Here is the task for the listing below: output exactly the lines from the one containing "Lobster roll. Small but tasty." through the one containing "Whale New Zealand", and leave out the pictures.

━━━━━ DATA EXTRACT ━━━━━

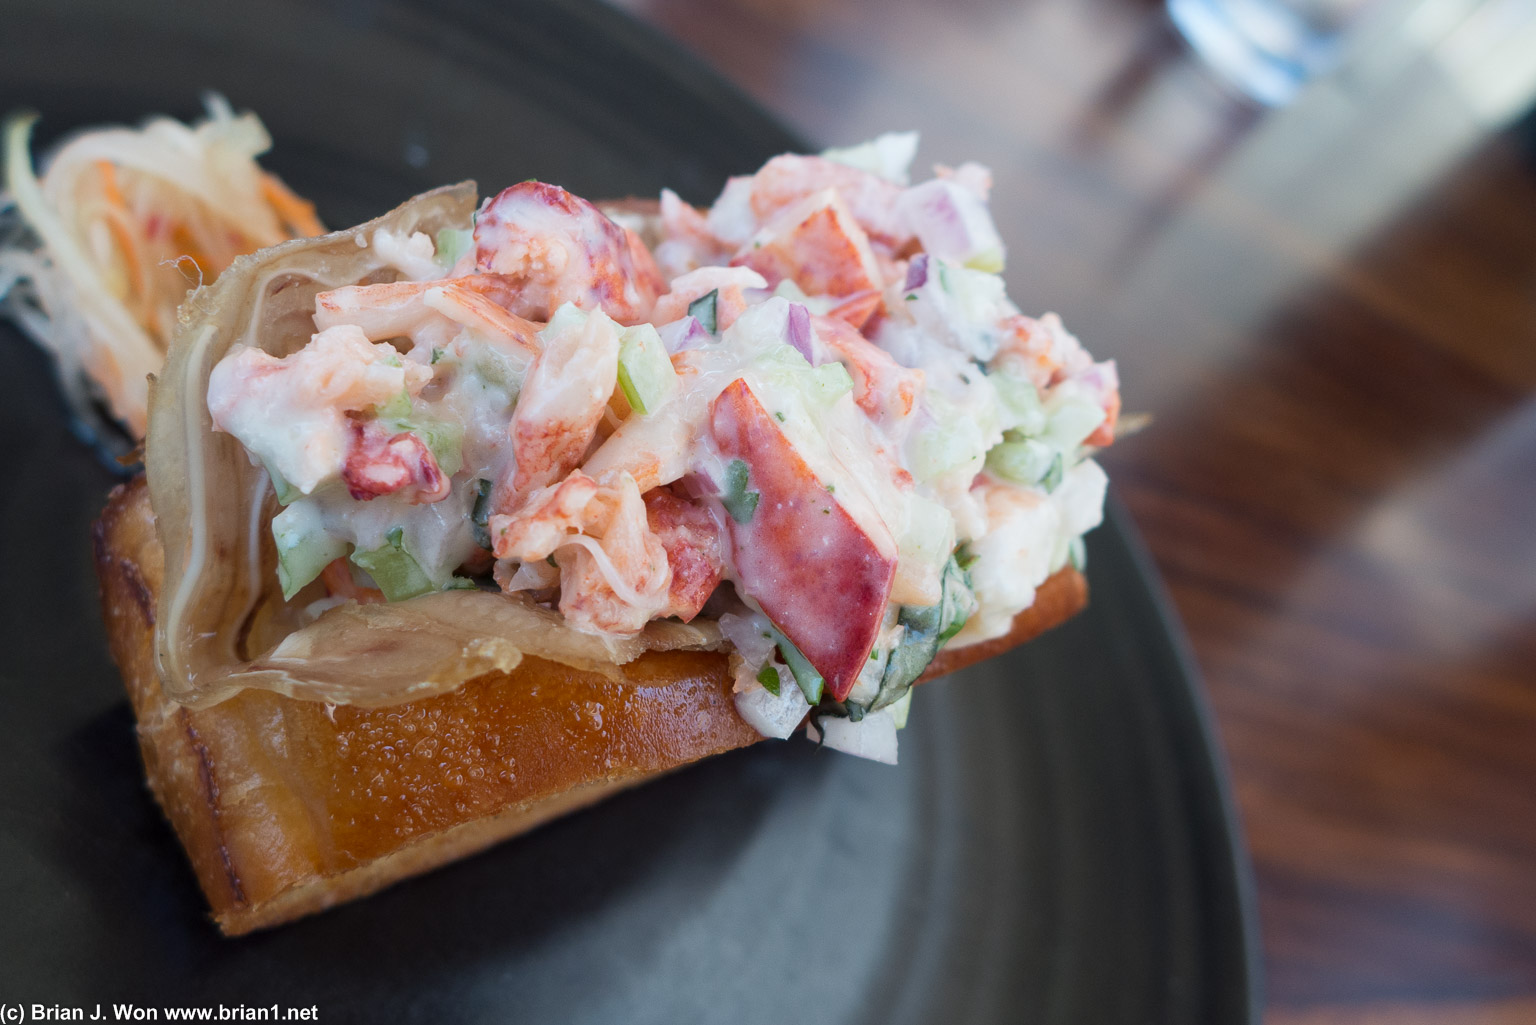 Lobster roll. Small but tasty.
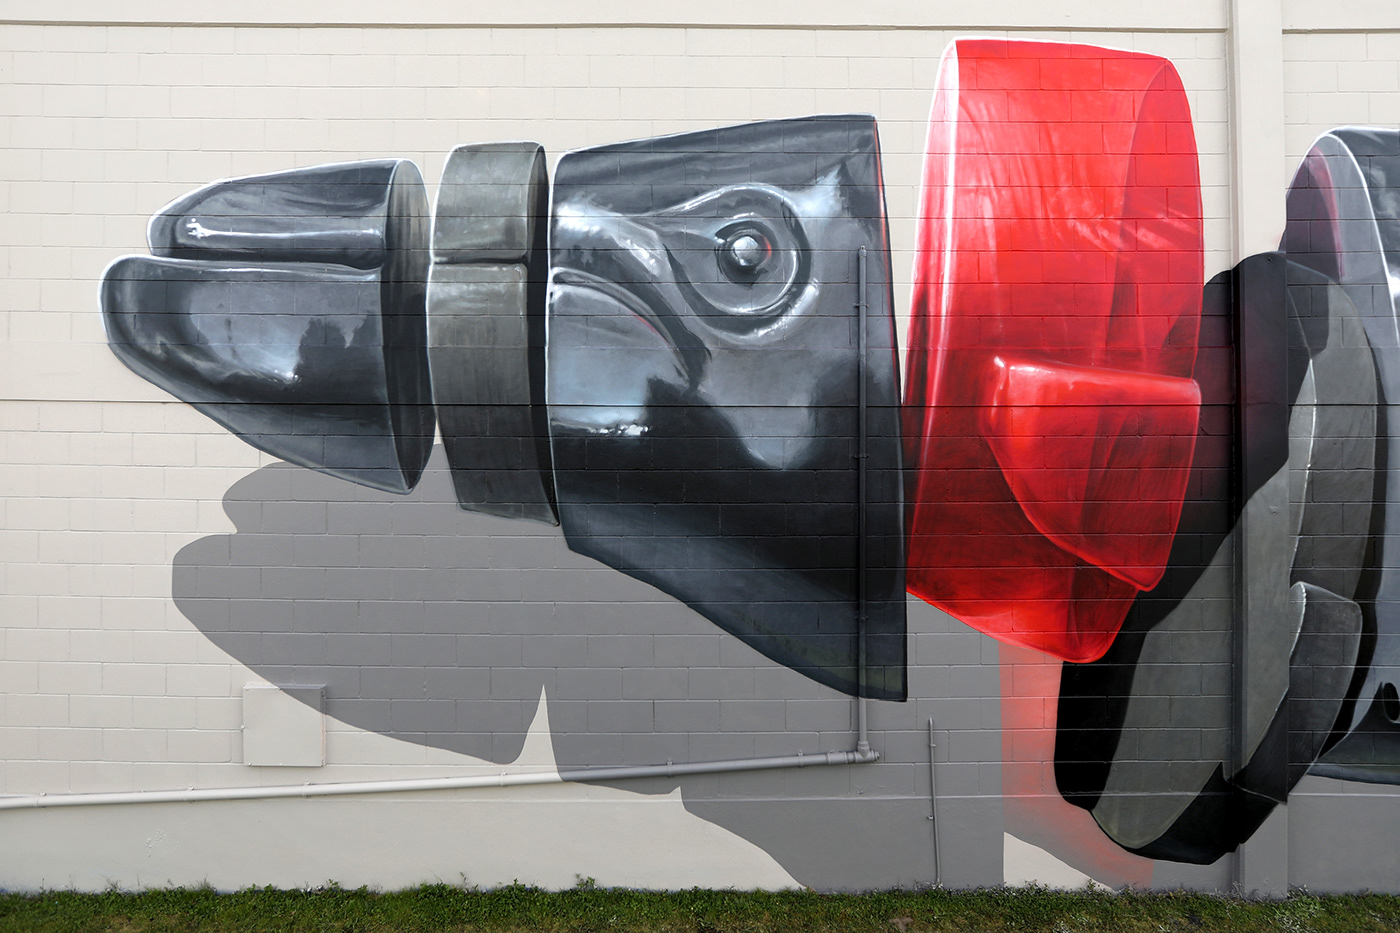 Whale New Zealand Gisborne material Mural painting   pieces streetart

━━━━━
━━━━━ DATA EXTRACT ━━━━━

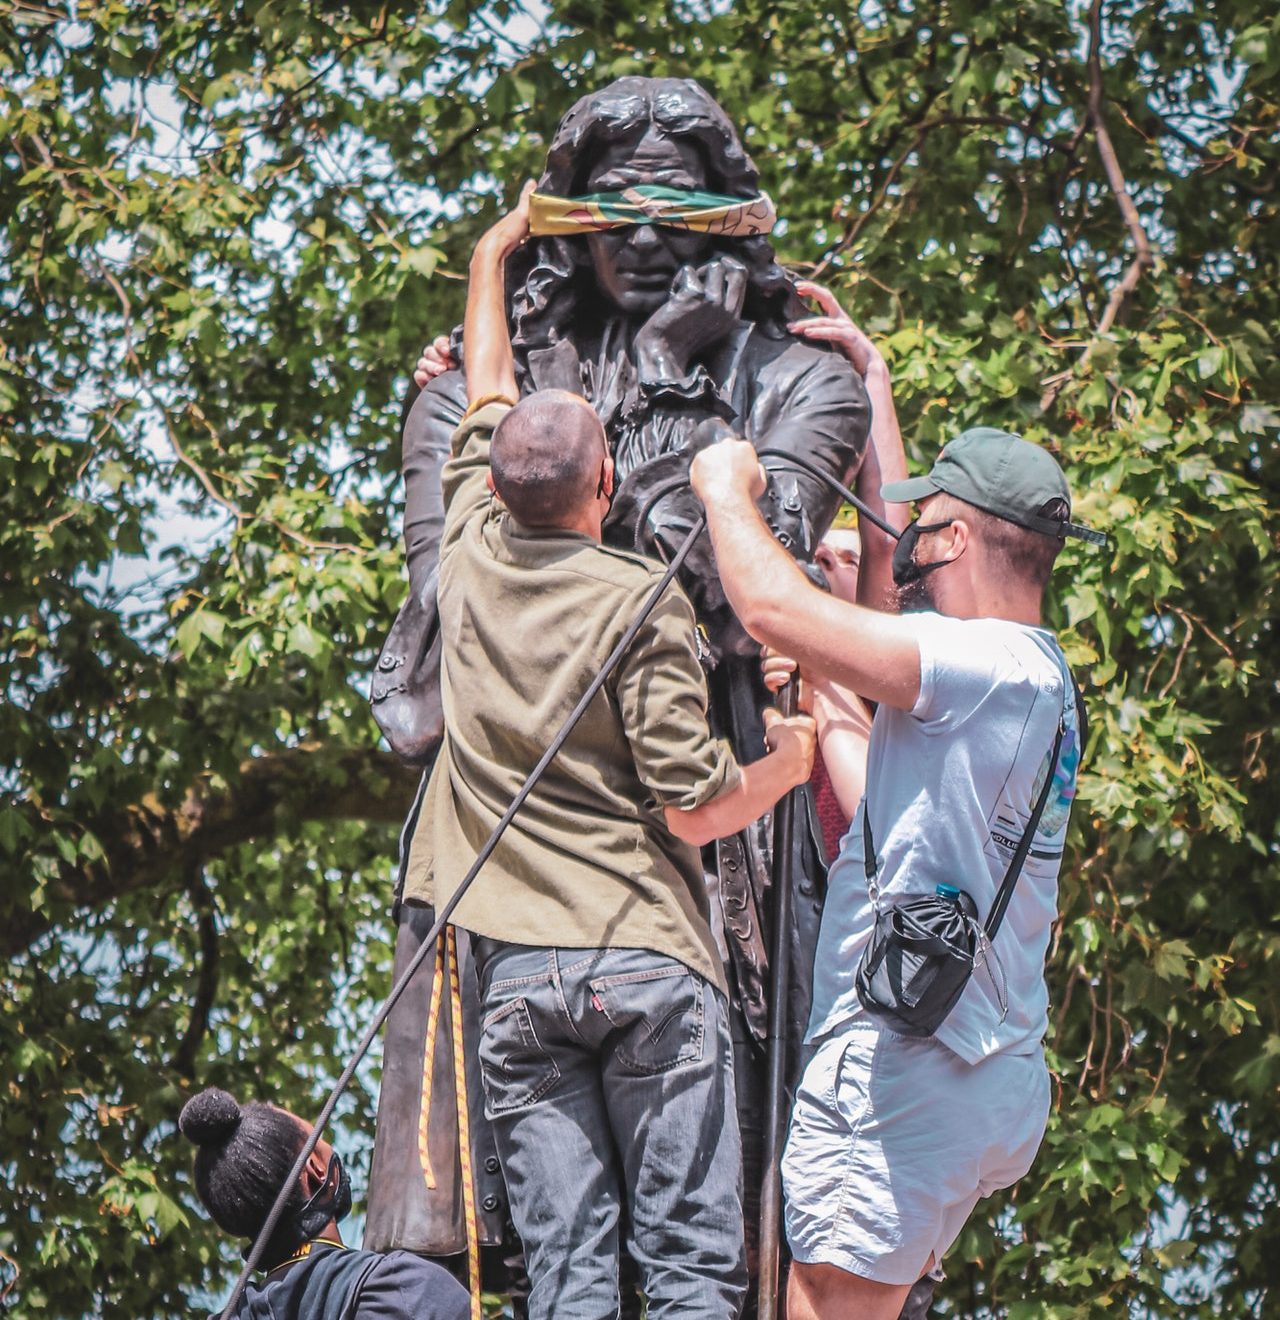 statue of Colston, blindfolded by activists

━━━━━

## ANSWER FOR THIS EXERCISE:
 Lobster roll. Small but tasty.
 Whale New Zealand Gisborne material Mural painting   pieces streetart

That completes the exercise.